That might be the most accurate way of doing it.  Only thing to watch out for is wrap around... the counter is probably a 64 bit unsigned integer which would wrap back to zero after about 18 exabytes.


----------



## blumstng (Apr 8, 2010)

> Only thing to watch out for is wrap around... the counter is probably a 64 bit unsigned integer which would wrap back to zero after about 18 exabytes.


Though I don't expect this to be a problem, I have added a check to make sure of wrap around.

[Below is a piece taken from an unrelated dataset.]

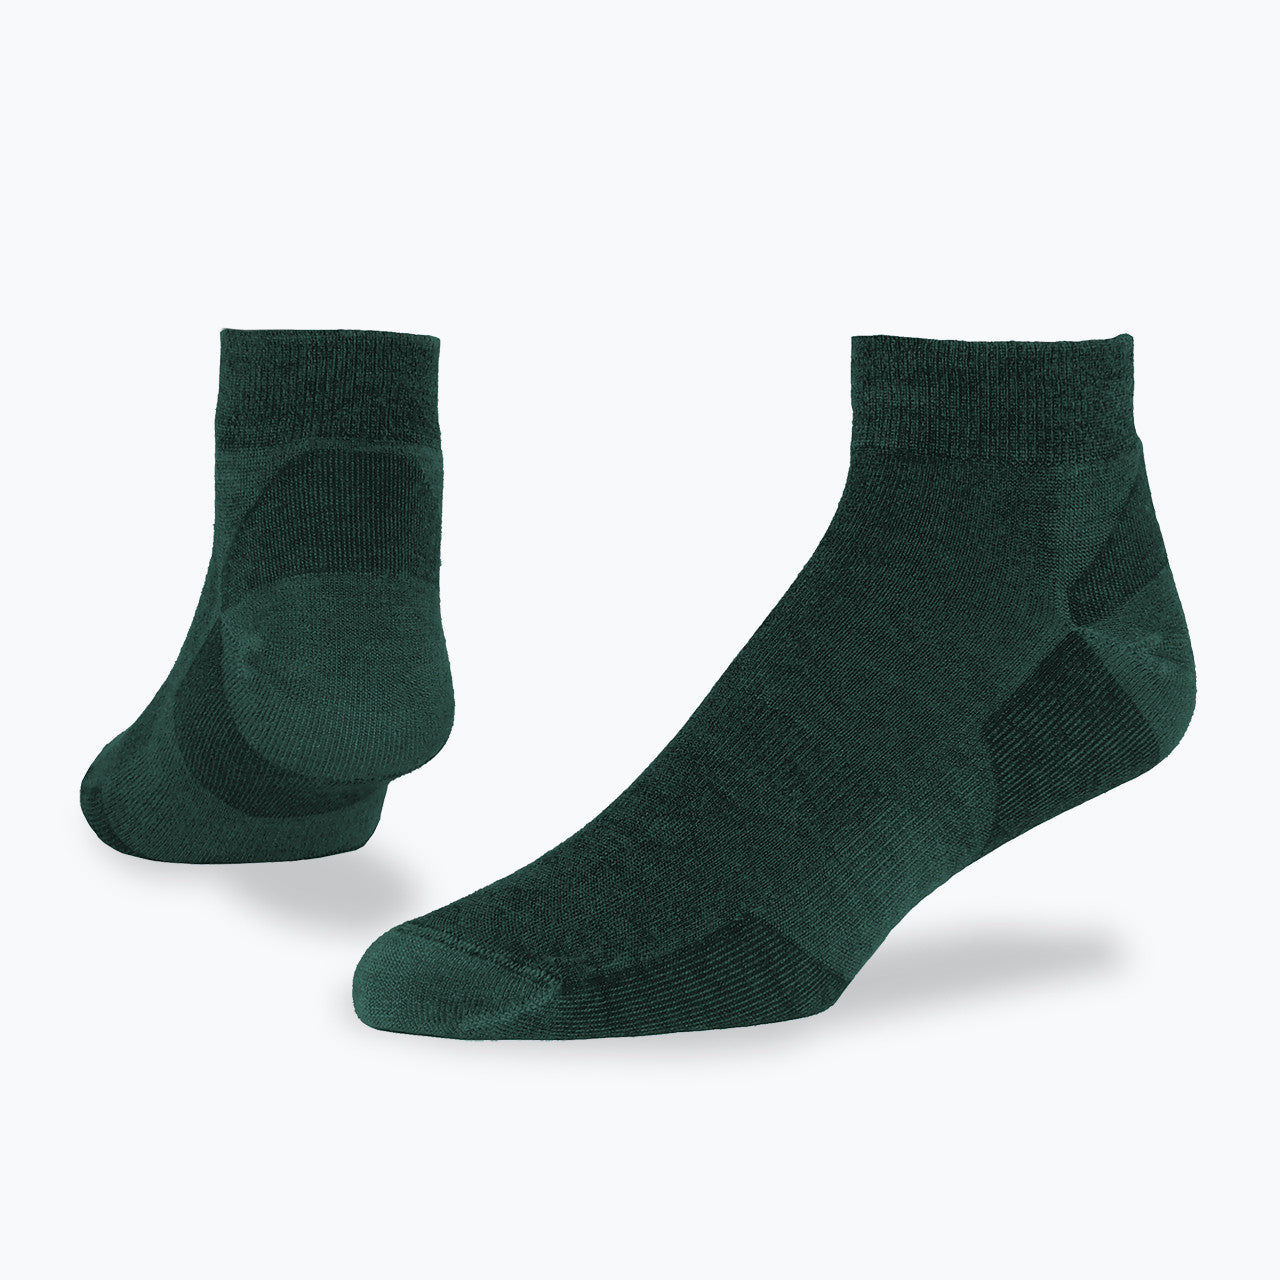 Urban Wool Ankle Socks - Dark Green

Better to account for as many possibilities as you can.

Thanks for all the input.


----------



## phoenix (Apr 8, 2010)

Enable *bsnmpd* in /etc/rc.conf.

Edit /etc/snmpd.config to set the IP to listen on and the community string (password) to use.

Install the net-mgmt/bsnmp-ucd port, and enable the ucd-snmp module in /etc/snmpd.config.

Then use SNMP to query the diskIO* MIBs:  diskIONRead shows the number of bytes read, diskIONWritten shows the number of bytes written.

Use MRTG to poll it and generate pretty graphs.


----------



## vbelousov (Feb 27, 2012)

@phoenix

I've been used that sources (diskIONRead and diskIONWritten) to gather info for RRDTool and this is what I've got:

12 disks, stripe of two raidz2, 6 disks each.






4 disks, simple stripe.





4 disks, raidz1





All of them are very weird. It does not seem to be a Megabyte per second. I don't even have a clue what it can be. Maybe you can tell me - what does it mean?


----------



## vbelousov (Feb 29, 2012)

Okay... Doesn't matter. I will use collectd instead of SNMP.


----------